Bei vielen Menschen werden Kollegen in der Schilddrüsenwoche 2008 per Palpation erstmalig Veränderungen wie Strumen und Knoten feststellen. Welche weiterführende Diagnostik ist dann sinnvoll? Wie und wie häufig sollten Tastbefunde kontrolliert werden?

Es ist damit zu rechnen, dass bei vielen scheinbar Schilddrüsen-gesunden Menschen per Palpation auffällige Befunde wie Strumen und Knoten festgestellt werden. Zur Beruhigung kann man Betroffenen gleich sagen: Knoten sind häufig, aber Schilddrüsenkrebs ist selten. Die Inzidenz liegt zwischen 4 und 5 pro 100 000 Einwohner; weniger als fünf Patienten pro einer Million sterben daran. Dennoch ist eine weiter führende Diagnostik sinnvoll, auch, um Funktionsstörungen auszuschließen.

  • TSH: Bei auffälligen Tastbefunden wie Struma oder Knoten wird mittels TSH-Bestimmung die Funktion eingeschätzt. Liegt der Wert im euthyroten Bereich (zwischen 0,3 und 4,0 mU / l), ist eine routinemäßige Bestimmung weiterer Schilddrüsenwerte wie T4 oder Autoantikörper wie Anti-TPO nicht indiziert.
  • Sonografie: Jeder neu entdeckte Knoten sollte auch sonografisch untersucht werden. Voraussetzungen für gute Untersuchungen sind hochauflösende moderne Geräte (Schallköpfe ab 7,5 MHz) und Erfahrungen mit Schilddrüsen-Sonografien. Bestimmt werden das Volumen der Schilddrüse sowie Lage, Größe (Durchmesser), Echogenität und Begrenzungen von Knoten.

Aus der Ultraschall-Untersuchung allein kann die Gut- oder Bösartigkeit nicht sicher bestimmt werden, aber es gibt Kriterien, in welche Richtung es geht. Als Zeichen für einen benignen Charakter gelten: glatte, scharf Begrenzung, Echoreichtum, Makroverkalkungen.

Als verdächtig gelten Knoten, die echoarm sind, unscharf begrenzt und solche, die Mikroverkalkungen enthalten.

  • Feinnadelpunktion (FNP): Konsens bei den meisten Spezialisten ist, dass bei neu entdeckten Schilddrüsenknoten ab einem Durchmesser von 1 cm und normalem TSH-Wert eine FNP indiziert ist. Dabei ist es egal, ob ein solcher Knoten getastet oder zufällig etwa bei einer Sonografie der Karotiden entdeckt worden ist (Hausarzt 5, 2008, 7).

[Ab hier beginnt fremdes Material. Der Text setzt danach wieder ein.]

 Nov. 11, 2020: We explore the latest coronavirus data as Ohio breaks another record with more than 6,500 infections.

Eine FNP ist eine einfache und sichere Untersuchung, setzt allerdings sowohl bei der Aspiration als auch bei der zytologischen Begutachtung große Erfahrung voraus und sollte deshalb von erfahrenen Kollegen gemacht werden. Eine Ultraschall-gesteuerte FNP ist etwa bei multiplen Knoten wichtig, weil besonders auffällige Knoten gezielt punktiert werden können.

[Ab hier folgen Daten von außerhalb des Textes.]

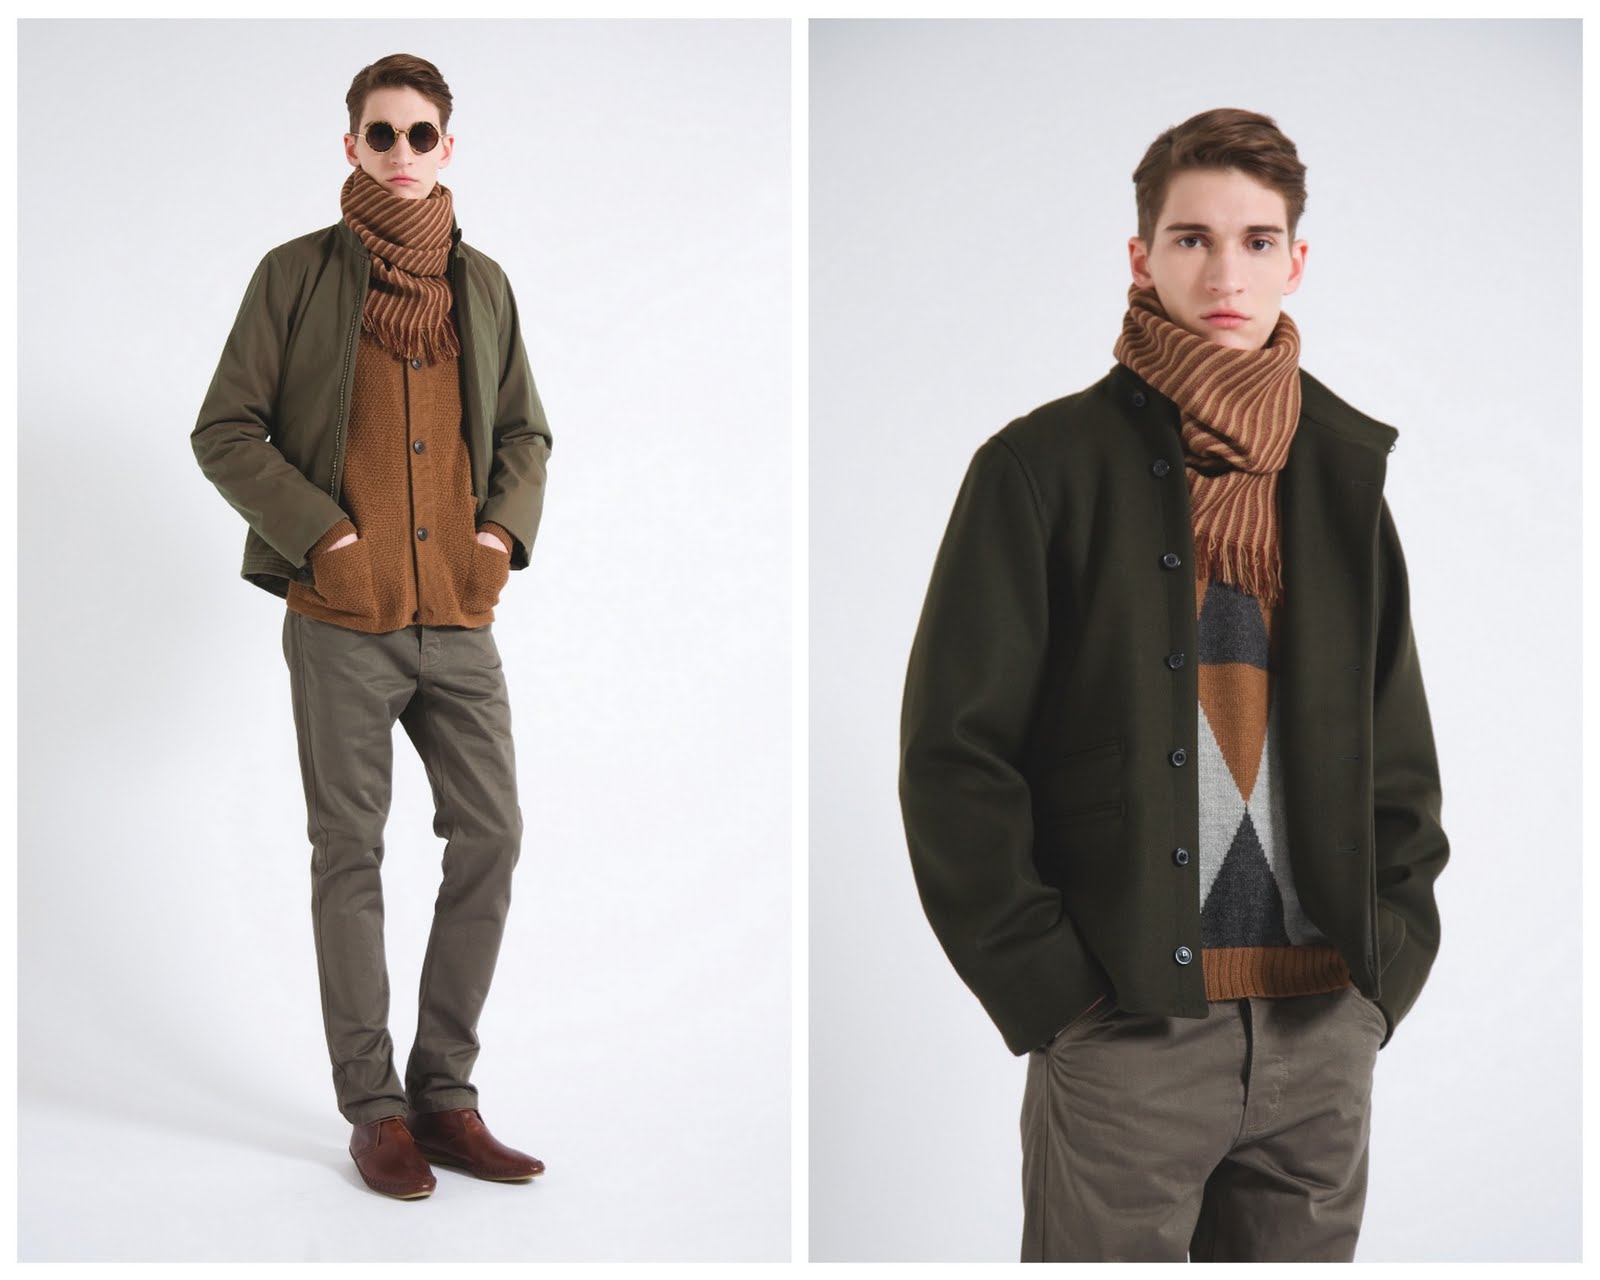 Style Salvage - A men's fashion and style blog.: Christophe Lemaire AW10

  • Szintigrafie: Die Szintigrafie wird inzwischen zur Evaluation von Schilddrüsenknoten nicht mehr in dem Maße genutzt wie vor dem routinemäßigen Einsatz der FNP. Darauf weißt Dr. Andreas Haldemann aus Zürich hin. Zu den Indikationen gehört nach wie vor eine Hyperthyreose. Szintigrafisch kann etwa zwischen autonomem Adenom, Morbus Basedow oder Thyreoiditis unterschieden werden. Indikationen sind auch Knoten plus erniedrigtes TSH oder Knoten mit verdächtiger Zytologie (follikuläre Neoplasien).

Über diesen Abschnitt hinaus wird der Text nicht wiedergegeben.